Deborah Lipstadt Fights a Holocaust Denier

In April, a London court found historian Deborah Lipstadt “not guilty” of libel for calling the infamous David Irving a Holocaust denier in her book Denying the Holocaust. Because of the peculiarity of English libel law, Lipstadt needed to prove that Irving knowingly denied facts about the Holocaust that he knew to be true. She set out to prove her case, and in the process to prove the truth of the Holocaust as well. She offers here her reflections on the experience.

In 1995, when I opened a letter informing me that David Irving was suing me for libel for calling him a Holocaust denier, I had precisely the same reaction that I had 20 years earlier when I first heard that there were people who denied the Holocaust.

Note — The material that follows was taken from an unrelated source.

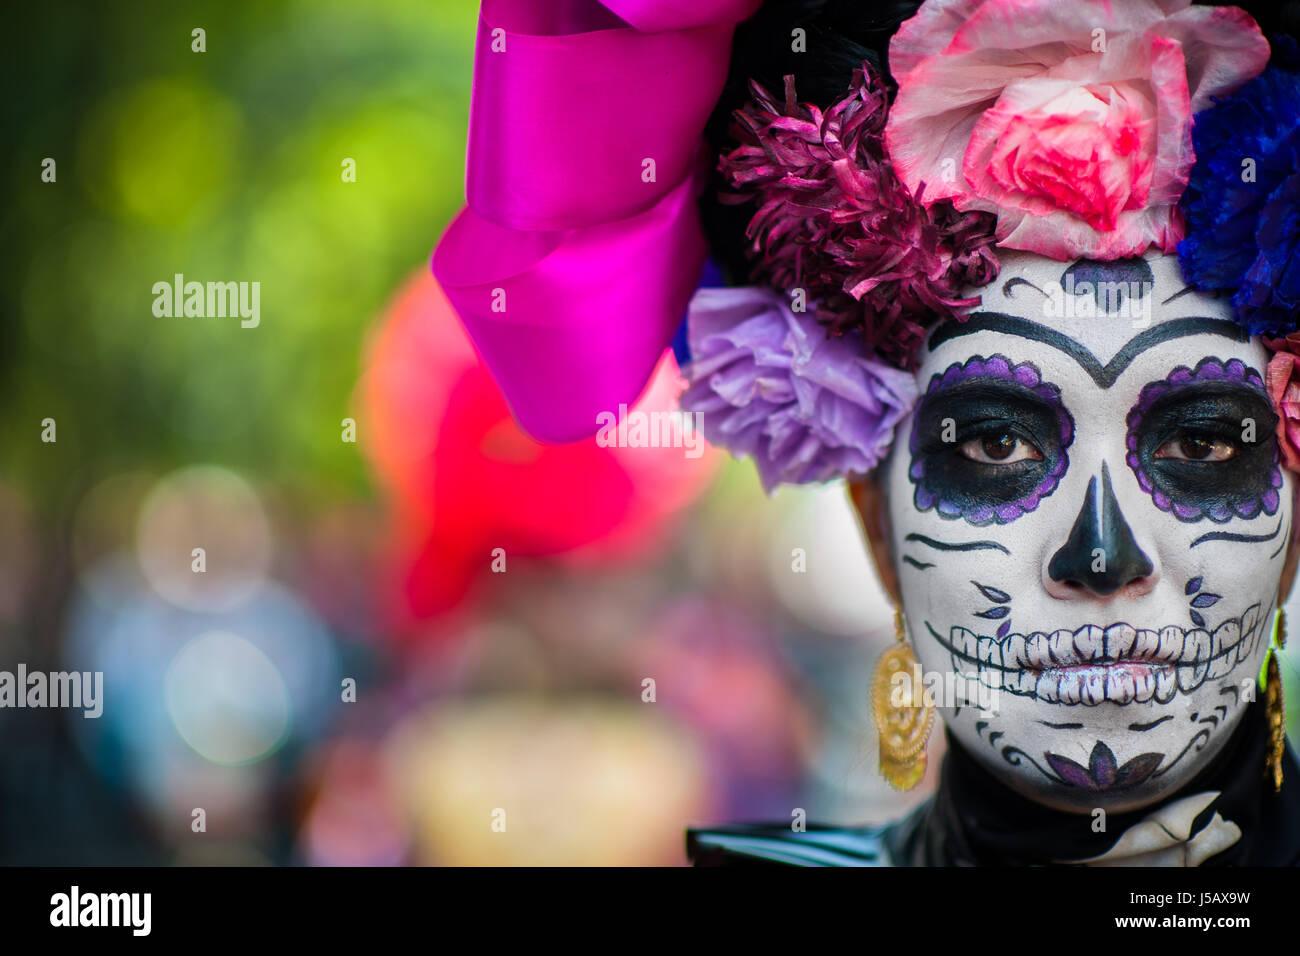 Une jeune femme, habillée comme La Catrina, prend part à la Journée des morts célébrations Photo Stock

I laughed.

Why, I wondered, take this seriously? Holocaust-deniers reminded me of flat-earth theorists. The idea was preposterous.

Irving’s charges seemed equally preposterous. He had repeatedly denied the Holocaust. He had said there was no “Reich policy to kill the Jews” and “no documents whatsoever show that a Holocaust had ever happened.”

In Germany, Irving declared the Holocaust a “blood lie [that] has been pronounced on the German people.” In 1991, he dropped mention of the Holocaust from his new edition of Hitler’s biography because “if something didn’t happen then you don’t even dignify it with a footnote.”

Given this record, how could he claim that I libeled him by calling him a denier? This was, I presumed, a nuisance lawsuit, full of sound and fury but signifying nothing.

But Irving was doing this in England, where the laws favor the plaintiff. I had to prove the truth of what I said. He did not have to prove the falsehood.

I never anticipated the havoc this fight would wreak with my professional and personal life. At the post-verdict news conference, I was asked: “Given all that has happened, would you write the same things about Irving?”

The answer was “No.” Were I writing my book now, I would write even more harshly about him. This legal action, which he instigated, allowed my lawyers to demand the release of reams of his personal papers documenting his activities. We know far more about him than we ever did before. We hoisted him on his own petard.

I fought him because I could not run from evil, even when the evil is rooted in nonsense, for nonsense can cause significant damage. The Holocaust teaches that evildoers must be stopped early, before they can inflict much damage. Hitler was far less of a foe in the early 1930s than in the 1940s. So, too, deniers must be stopped now.

I have not yet fully unpacked what it meant to be a defendant in a libel suit that brought together the Holocaust, free speech, and historiography. I shall never forget as I entered the court on the first day being told by survivors: “We are counting on you.”

Nor shall I forget being enveloped after the trial by a man outside the courtroom who said: “My parents died in Auschwitz. In their name: Thank you.”